Three weeks ago my son was safe in my womb, fluttering around his amniotic ocean, aquatic and anonymous. I spent my days managing our small-town herb shop, where we dispensed dark, fragrant tinctures, knobby, finger-sized roots and the belief that medicine should come from the Earth. Our baby was to be born at home, into my husband’s strong carpenter hands. The only unanswered question was what scented candle to burn during my labor: lavender or rose.
Then a sudden and voluminous gush between my legs sent us to the hospital. The nurse-midwife pronounced, apologetically, “Your amniotic sac broke. There’s no fluid left in your uterus.” Ever the optimist, I waited for the good news, the part about western medicine’s fix for this troublesome problem. “Once your water breaks,” she continued, “labor is likely to start. We need to airlift you to a level 3 hospital immediately; if your baby is born here, we can’t save it.” I was 24 weeks pregnant.

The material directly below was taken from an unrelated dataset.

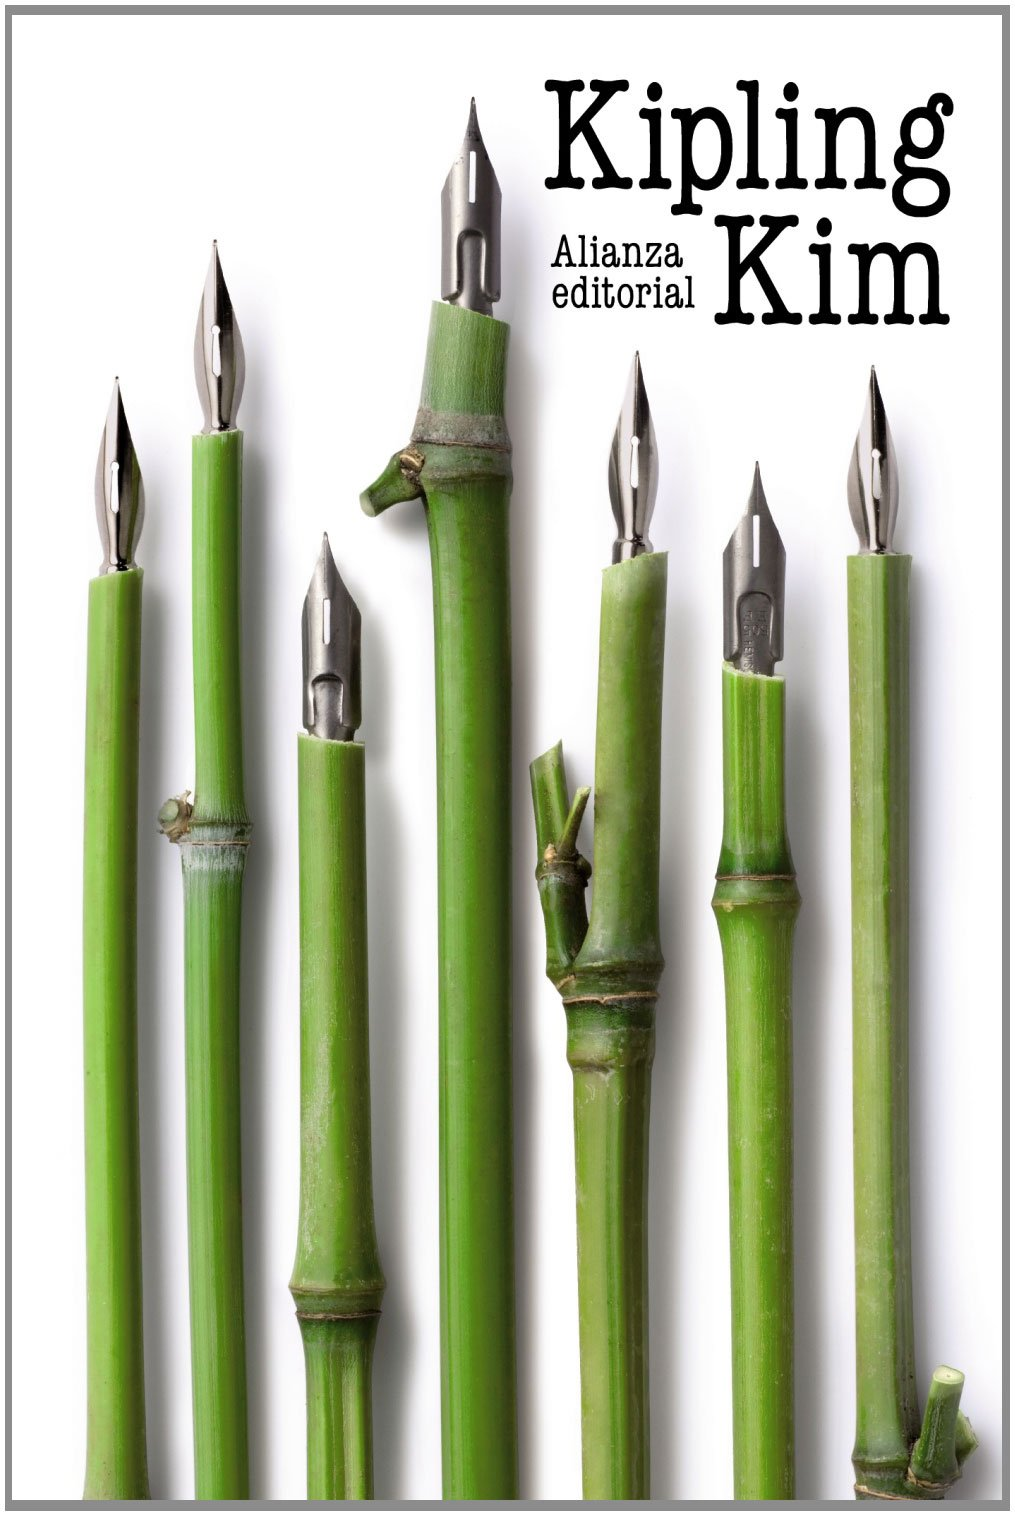 Kim (El Libro De Bolsillo - Bibliotecas De Autor - Biblioteca Kipling) Tapa blanda – 3 abr 2012 Rudyard Kipling José Luis López Muñoz Alianza 8420669776

I place a thermometer in our son’s armpit and Dan and I change his diaper, so small I could hide it in my hand. Dan lifts his legs and our boy’s thin skin, mapped with blue veins, sags off his thighs like a puppy’s. I wipe his bottom with a single cotton ball.

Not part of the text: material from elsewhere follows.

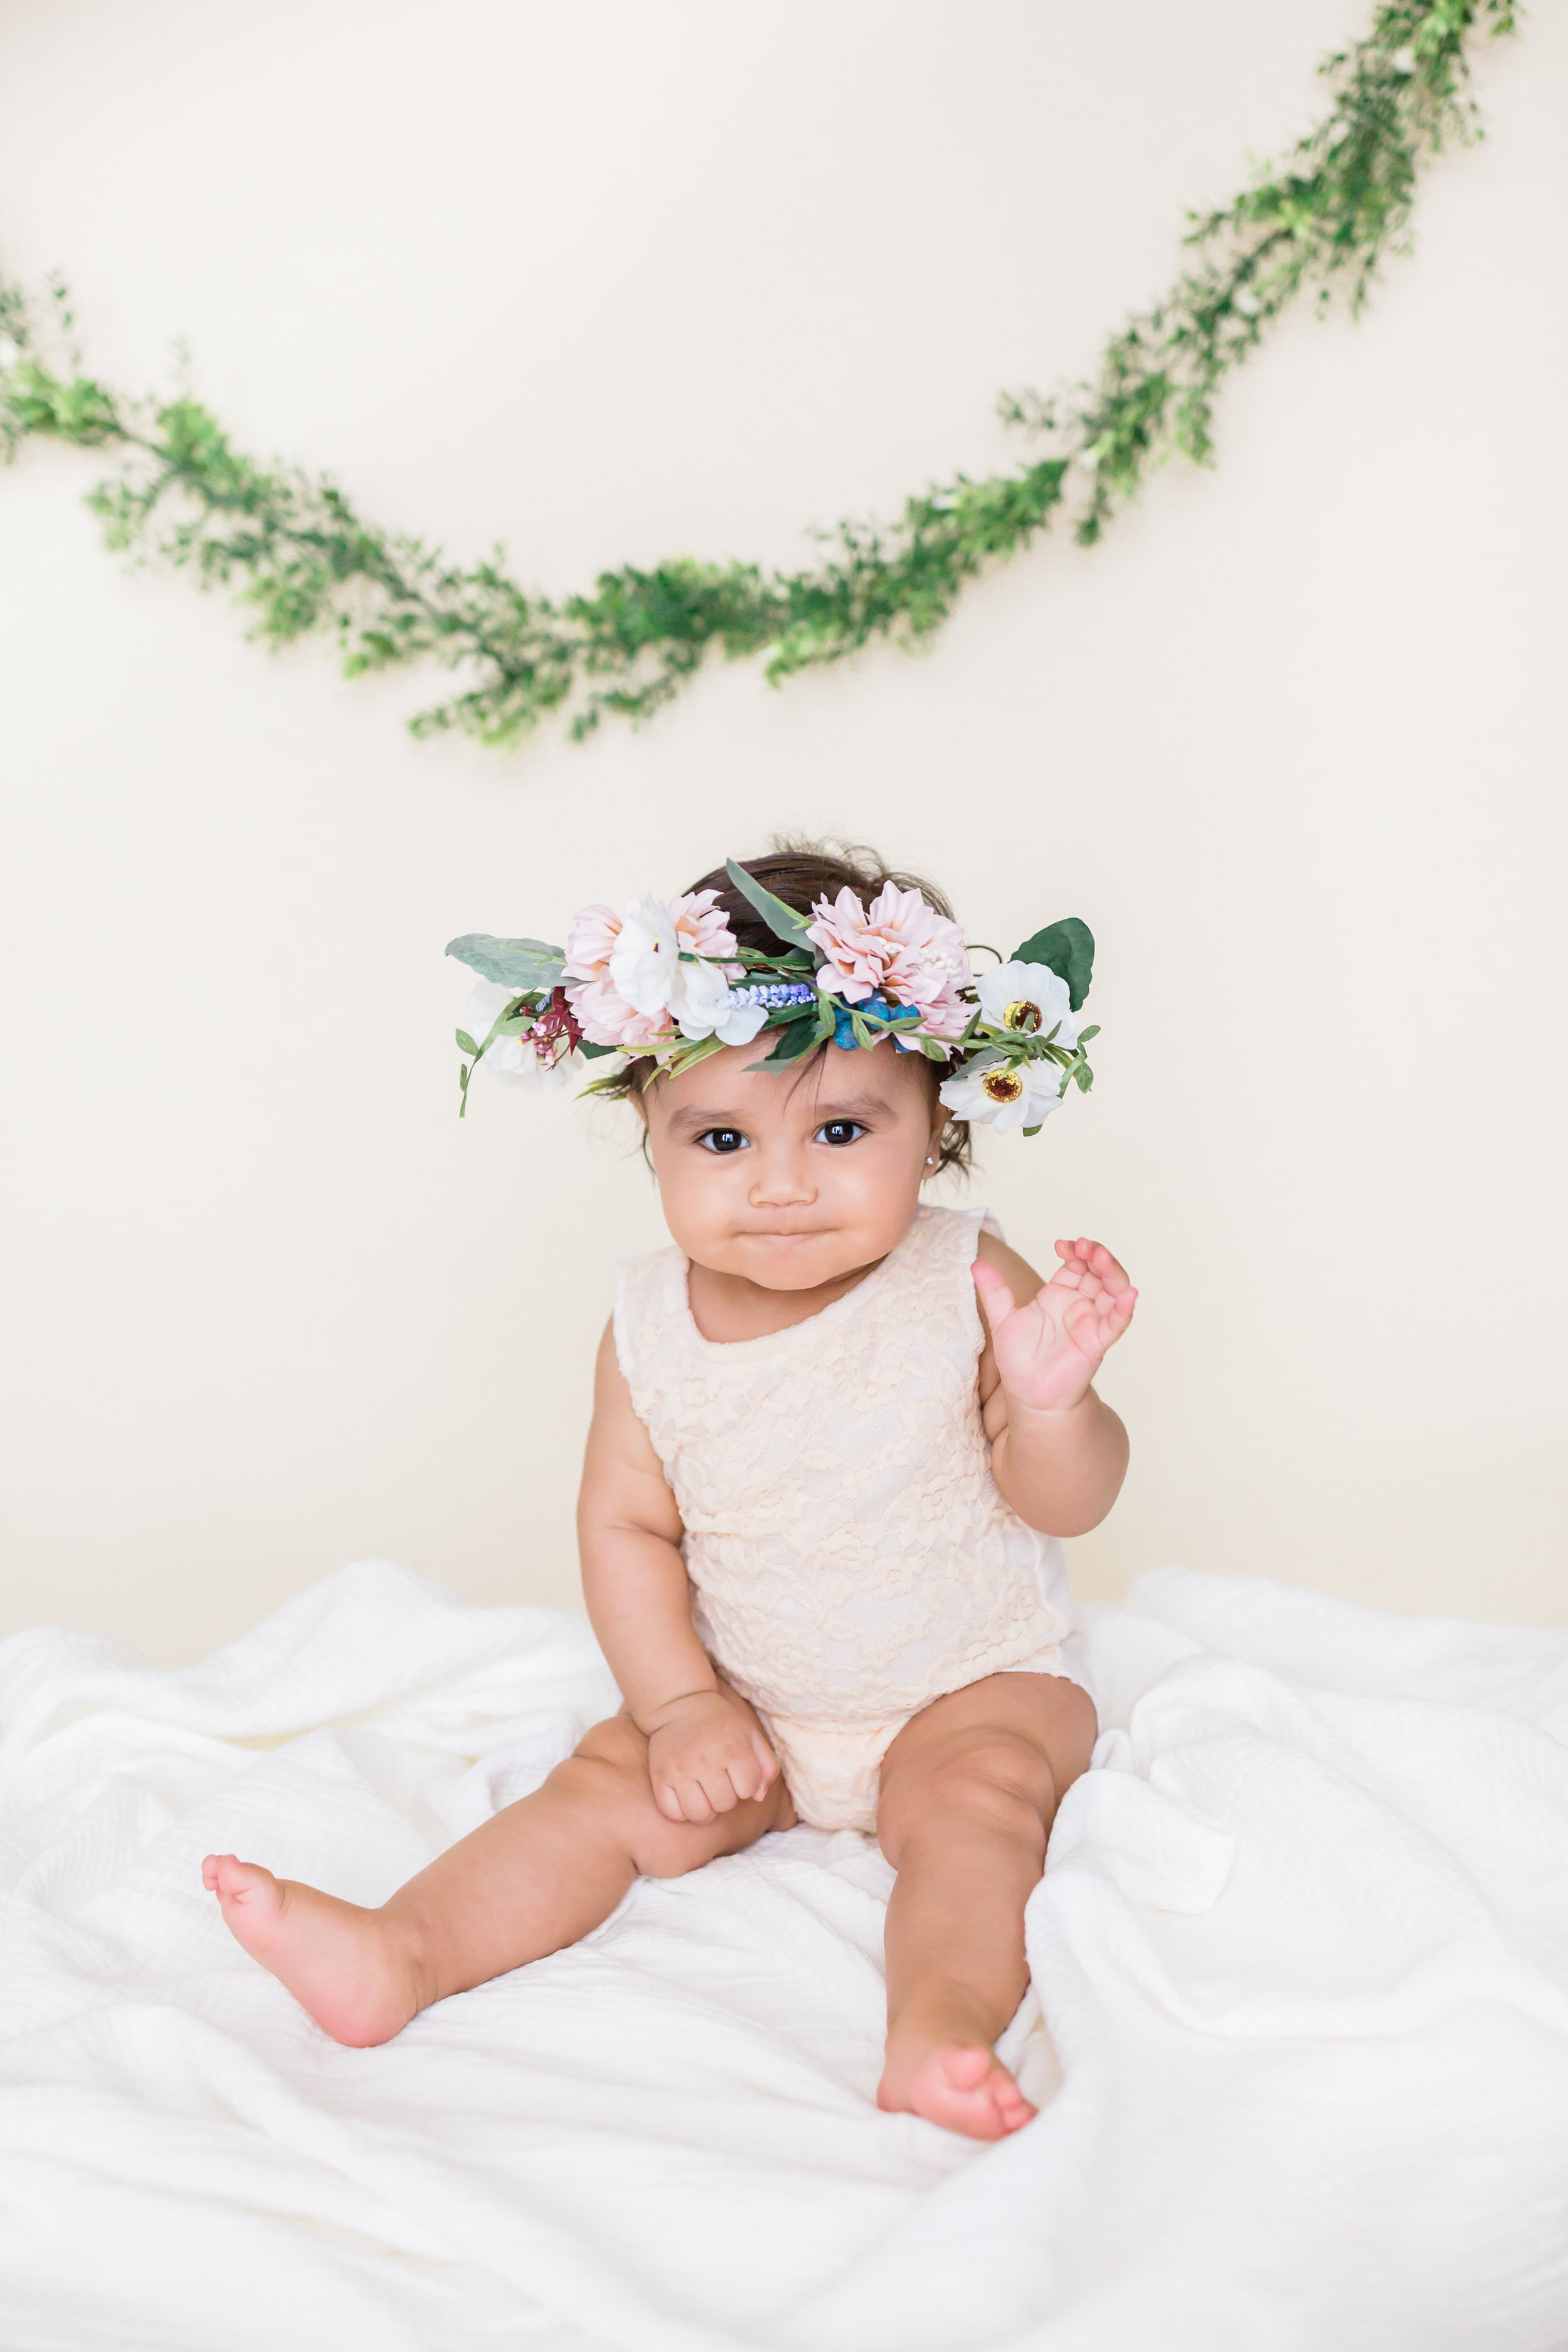 Sophia s 6 Month Session-Sophia-0004.jpg

Nurse Alison approaches with a medical binder that’s absurdly thick for a baby alive 18 days.
“Rachel?” She places a hand on my shoulder. The nurses know to approach me gently; I’m quick to cry.
“He’s not back up to his birth weight yet,” she says, opening the binder to an unimpressive graph.
“But he’s tolerating his feeds well,” I respond in the language of the NICU.
“We really want to see him hit 2 pounds,” she said. “He may be working too hard. If he doesn’t start gaining weight, the docs want to put him back on the ventilator, take him off breast milk and start him on fortified formula.”
I am falling down a cliff. Like so many other times in this place, I want to cover my ears and belt out songs of peaceful resistance; “La La La. I don’t hear you” my toddler self would say. We’re supposed to be the miracle family, beating the grim statistics the sad-mouthed doctors have warned us about. The doctors who can’t promise that my son will be normal, that one day he’ll ride a bike, mud splashing his legs as he turns around to flash a smile that says: “See? I told you I’d be okay!”
I wish I could be more like the mom who hobbled in yesterday wearing the blue hospital-issue gown – the secret handshake of mothers who’ve washed up on the shores of Pregnancies Gone Awry. A nurse said that her baby will need an IV threaded into his tiny, premature hand. “We’ll give him a little sedative first to keep him still.” The new mom leaned in and whispered to her swaddled wisp of a son, “You’re gonna get the good drugs.”
I nod compliantly to Alison; she hands me a pre-emptive tissue just as the first tears squeeze from my eyes. Dan hugs me. He’s better at this than I am. He sees our son frolicking in the woods, while all I can do is keep the mantra, “please-let-him-be-OK,” unspooling from my heart.